Você está realmente incomodada, digo eu, quase engasgando com o capuccino. Estou, claro que estou. Mas por que, criatura?, digo eu. Eu achava que o Príncipe Charles tinha feito um ótimo serviço ao acabar com a hipocrisia dos contos de fadas quando preferiu a mocreia em vez da princesa e agora isso. Mais um casamento do século. Você não achava que um príncipe tampax acabaria com os contos de fadas, achava?, tento eu. Achava, claro que eu achava, diz ela. A princesa do bem estragando a maquiagem na TV porque o príncipe consorte a chifrava com a irmã baranga da Cinderela e não deveria ser o suficiente? Não deveria ter ensinado alguma coisa àquele povo? Cristina! (Quando ela me chama pelo nome é porque as tropas estão se preparando para desembarcar na Normandia.) Eles estudam em bons colégios, comem bem, têm acesso a museus e bibliotecas, eles não têm o direito de ser tão estúpidos! Quase engasgo. E o que a inteligência e a boa alimentação têm a ver com isso?, protesto.
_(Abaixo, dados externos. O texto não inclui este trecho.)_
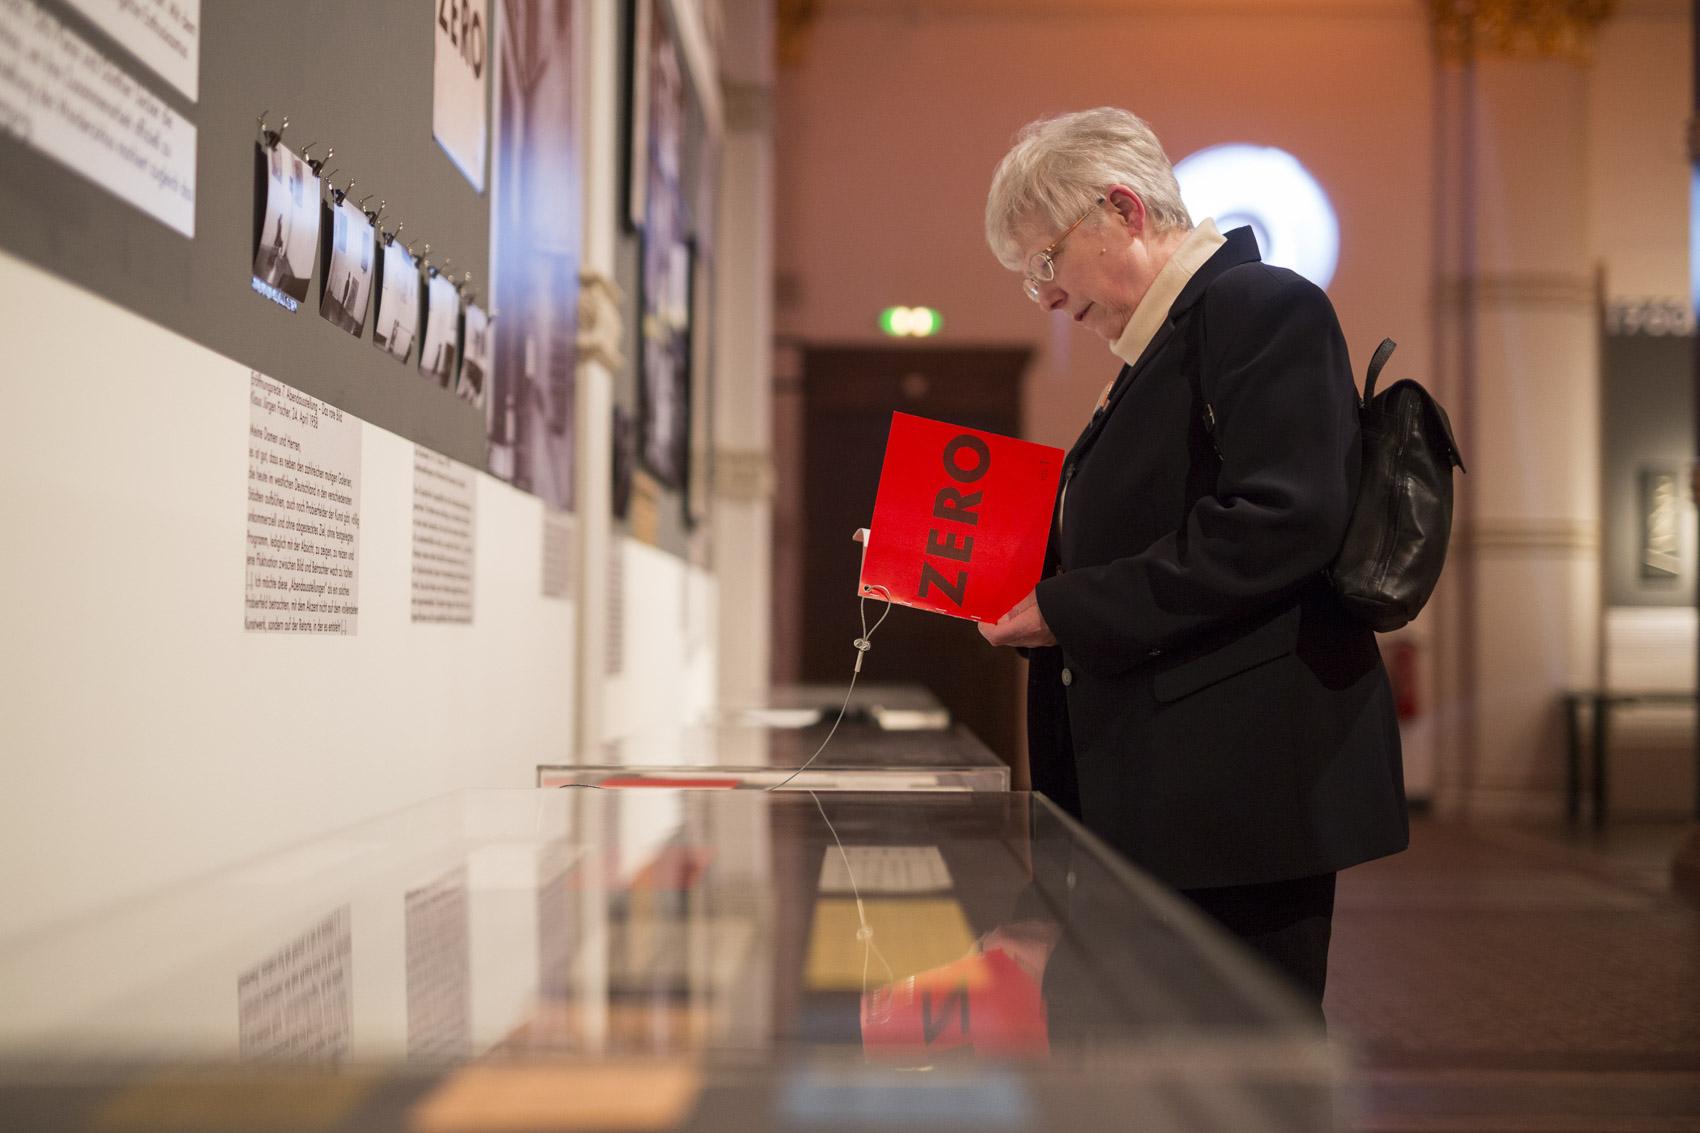 Referenzen Eventfotografie: Kunstausstellung

Situações como esta, na minha opinião, exigem medidas drásticas. Peço uma coxa-creme e uma coca normal. Hello!, agarro o rosto dela entre as mãos e descubro que tenho açúcar na ponta dos dedos. Nem você quer que a monarquia britânica acabe! E quando o casamento de contos de fadas entrar em crise como todo casamento, você pode imaginar que gozo o inglês médio terá? Você quer que eles percam tudo isso — e nós também? E nem é tão ruim assim, já que a tal da Kate não tem nem uma única hemaciazinha azul. Imagina, os pais têm uma empresa de lembrancinhas de aniversário. A mãe era aeromoça, o pai controlador de vôo. E agora ela vai caçar veados com o príncipe Phillip. Não é quase genial de tão prosaico?
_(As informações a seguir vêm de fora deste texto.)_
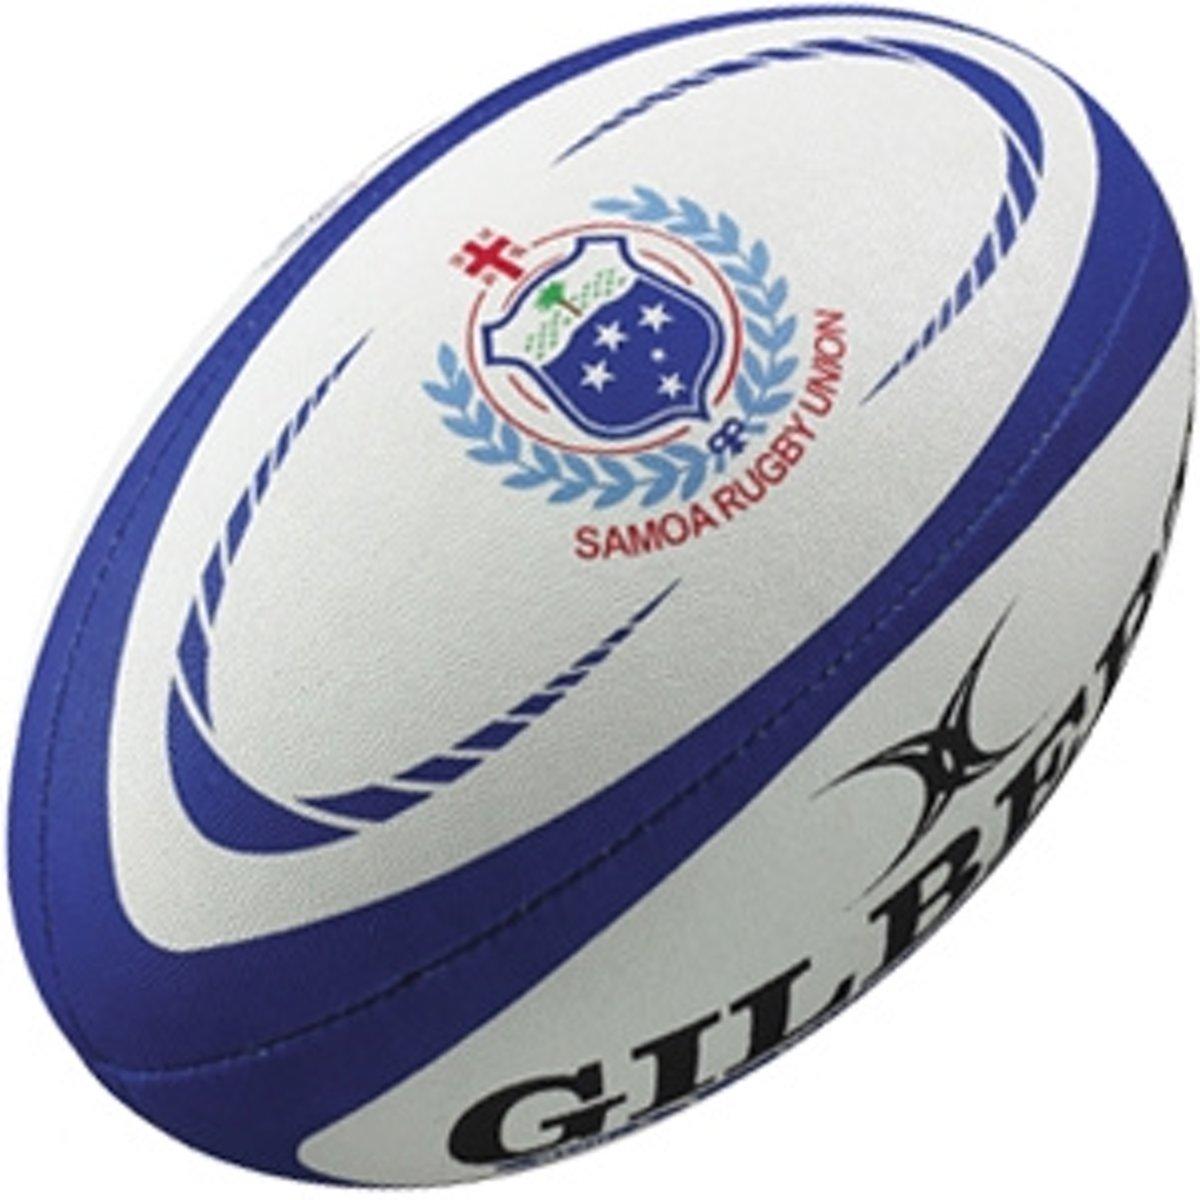 Gilbert Samoa supporter Blauw 5 kopen

Minha amiga faz uma cara esquisita. Meu deus, ela vai chorar. Uma lágrima faz uma curva no piercing do nariz. O que você tem? É TPM? Ela me dá um safanão. Ah, não, você é mulher, não tem direito de vir com esta história de TPM só porque estou chorando. Não, claro que não, digo eu. É perfeitamente normal você estar soluçando às nove horas da manhã no balcão da padaria por causa do casamento do Príncipe William. Do Príncipe William!!!

Agora ela se abraça em mim e baba toda minha camiseta da Branca de Neve. Me diz o que você tem, por favor. Eu tenho vergonha, ela quase assoa o nariz na gravata do cara ao lado. A padaria inteira olha para nós. Ainda bem que me lembrei de colocar óculos escuros. O Adão, que sempre nos serve, pergunta se queremos água com açúcar. Acho lindo ele perguntar isso. Imagina, água com açúcar. Quase choro por amor ao Adão.

Você precisa me dizer o que você tem, eu insisto. Eu estou preocupada. Até o taxista ali na porta está preocupado. Por favor! Ela me olha, fungando. Eu tenho vergonha. Você vai me crucificar. Você nem vai querer mais tomar café comigo. Nunca mais vai me convidar para a mostra de cinema. E vai vender o meu ingresso para o show do Paul McCartney. Juro que não. Eu te amo, você sabe. Pode me dizer qualquer coisa que eu vou escutar. Até a mosca que mora na torta de limão parou de zumbir para ouvir melhor.

Minha amiga diz, voz embargada: Eu acho que eu queria ser princesa. E desanda a soluçar mais uma vez. Você queria o quê?, eu realmente escuto mas não escuto. EU QUERIA SER PRINCESA! EU QUERIA SER A KATE MIDDLETON!! ENTENDE?! SE UMA PLEBEIA PODE SER PRINCESA, ERA EU QUE QUERIA TER AQUELA SAFIRA COM 14 DIAMANTES NO DEDO!!!

Eu não sabia bem o que fazer. O que eu digo agora? Duas garotas de uns 17 anos, cabelos escorridos, se aproximam e botam a mão no ombro da minha amiga: Tia, não chora. É normal. A gente também quer ser vampira e casar com o Robert Pattinson.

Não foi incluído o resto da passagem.